Hundreds of different asanas are performed in yogic practice, however it is stated all these asanas came into being elementally to support the Yogi develop the strength and resilience to sit and stay in one of the classic meditative postures for long and accelerate on the journey of finding the final objective of Yoga!
Meditation is the asana for the mind. A meditative posture incites a prayerful state and a meditative practice takes your mind in quietude. Sitting for long is not the motive, it is about the reconstituting of the swaying mind to a state of calmness and the reverberations of tranquility, peace that precipitates as a result of practising in the meditative posture. There develops mindfulness and a realization of being in the present is instilled.
Patanjali’s Yoga Sutras on Dharana states: ‘Deśa bandhasya cittasya dhāranā’, which means- “Dharana is when the mind stuff is held concentrated in one place”, and on Dhyana it says: ‘Tatra pratyaya eka tānatā dhyānam’, which translates as – “Then (when the mind force) is held onto that one essence/place for an extended/continuous duration is dhyana.”

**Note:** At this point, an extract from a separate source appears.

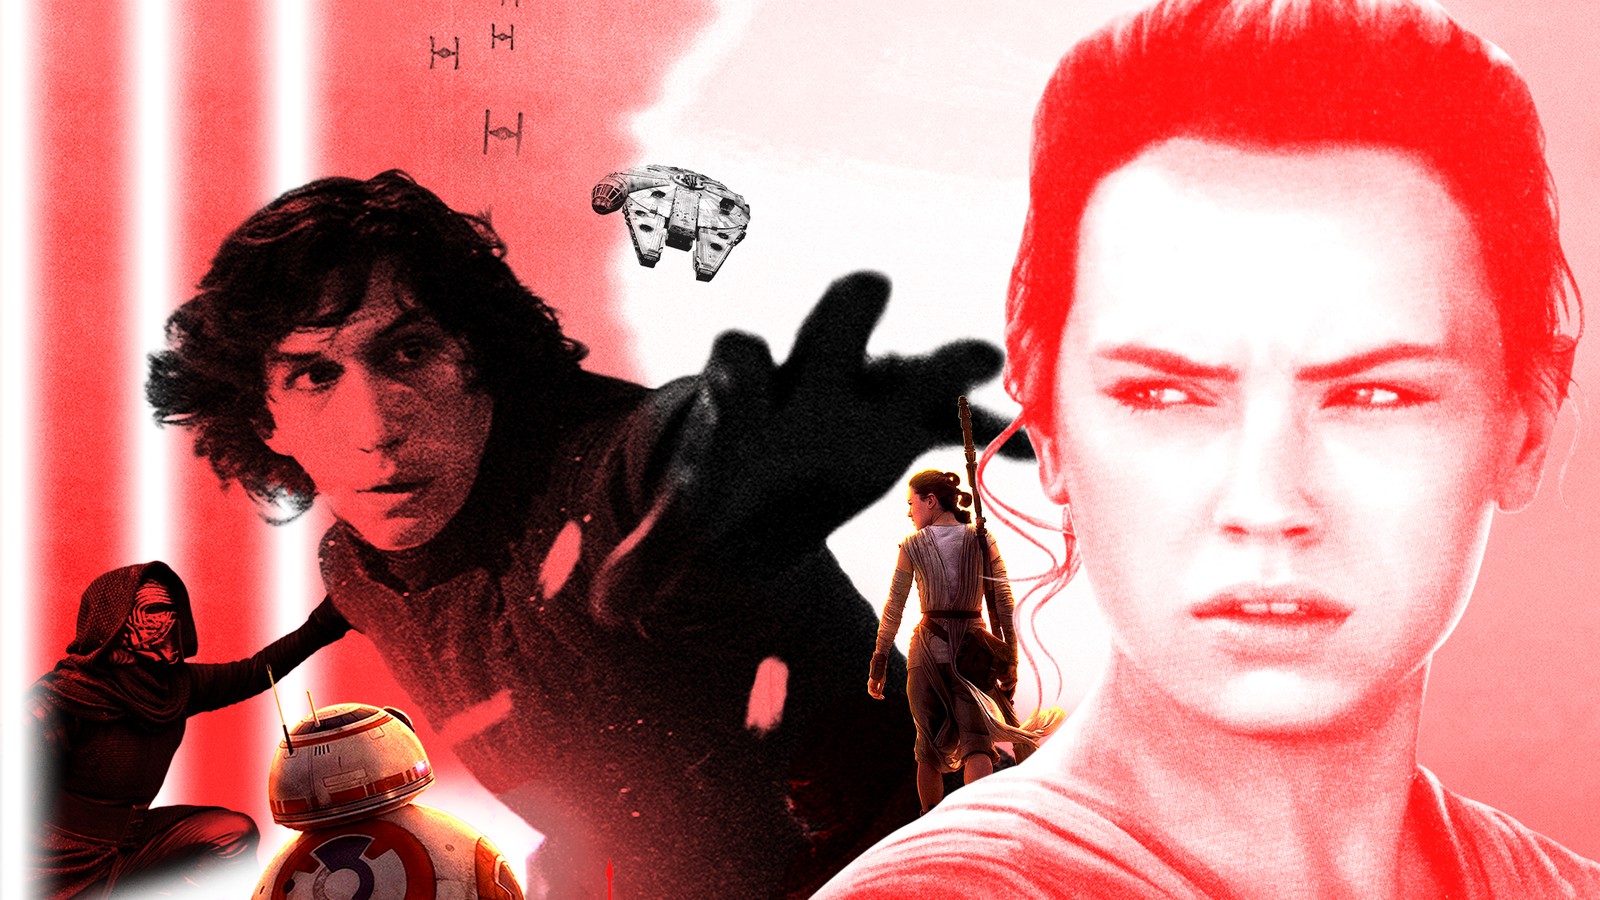 Porn Star Wars Force Awakens - Reylo: The 'Star Wars: The Force Awakens' Fan-Fiction Ship Between Rey and  Kylo Ren Is Popular and Controversial - The Atlantic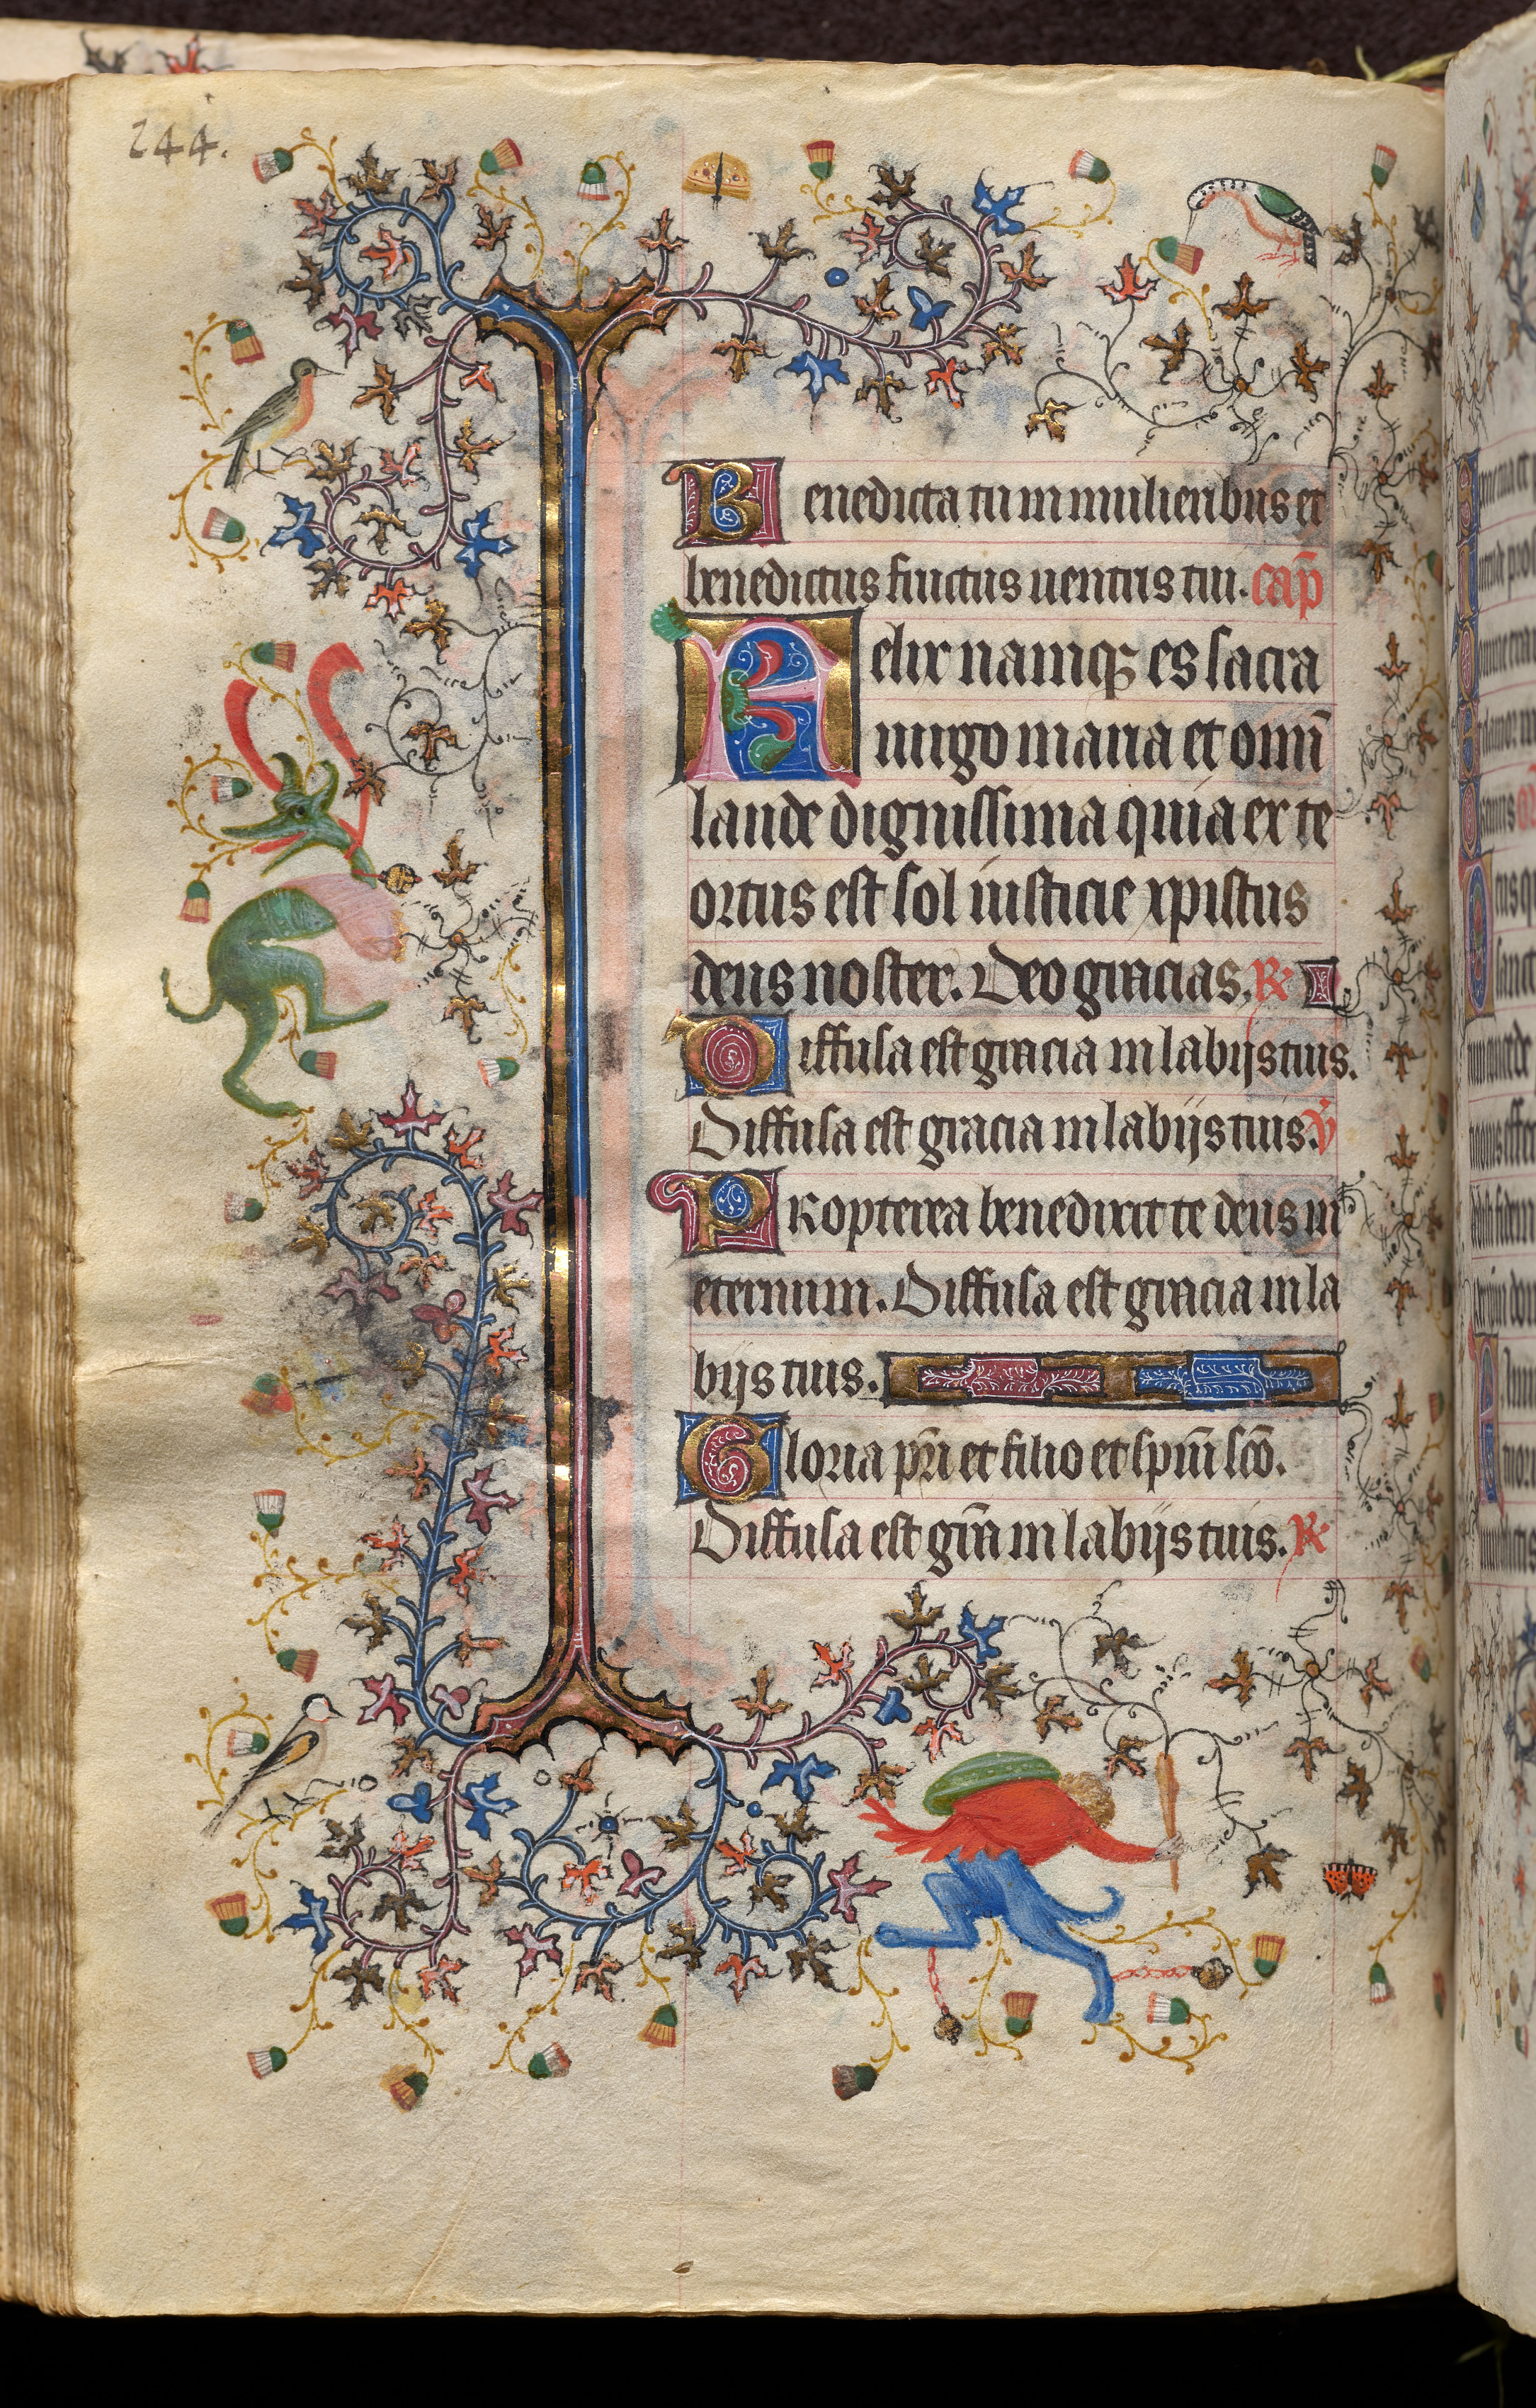 Hours of Charles the Noble, King of Navarre (1361-1425): fol. 72v, Text

- For someone who is a beginner, it may take a while before he/she gets comfortable and accustomed in the posture. For them, it is advised to start practicing for a smaller duration and when proficient, gradually increase the time. Initially the mind may often get distracted, however try gently bringing it’s focus back on your breath or the chosen external/internal point/object of focus/concentration.
- Once you are well composed and settled in the posture, gently close your eyes, ease down your facial muscles and subtly notice your breath. Starting from about 10 to 20 minutes each day and gradually expanding the duration as per your time, need, capacity and willingness will be fruitful in the long run.
Today’s meditative posture is:
Sthita Prarthana Asana—The Standing Prayer Posture
A proper bearing of your body is essential for its physiological and psychological health. Living habitually with inaccurate posture for an extended period in life results in slumping of not only the external body organs but also adds to the sluggishness of internal abdominal organs, which leads to hampered blood circulation, giving rise to state of constipation, despair, confusion, headaches, severe tiredness and sometimes neurasthenia.
When you practice, you will experience that the moment you close your eyes, your body will start swaying and you will be required to pay attention to your breath and bring it to a subtlety. This posture makes you realise the significance of the relationship between your mind and breath through your sense faculty such as sight. Practicing this posture aids in enhancing neuro-muscular coordination, amplifying physical balancing, mental calmness and spiritual inclination.
Limitations / Contraindications
- People going through acute arthritis (lower limbs), having varicose veins and hypotension should avoid standing for long.
- People with vertigo, should keep their eyes open, gaze fixed at a point, and feet kept a little apart to avoid toppling over.
- People feeling low or depressed are recommended to practise active or dynamic meditation, where the posture continues to be the same, however focus is placed on an external object.(eg: a steady flame of a candle, a flower, etc. They may even do backward counting for short intervals to remain more present.
How To Practice?
- Stand straight, spine upright, with your hands on respective sides and feet together. Hold your abdomen in normal contour/ or moderately inwards, keep your pelvis tucked in, chest thrown well forward, shoulders relaxed and chin parallel to the floor.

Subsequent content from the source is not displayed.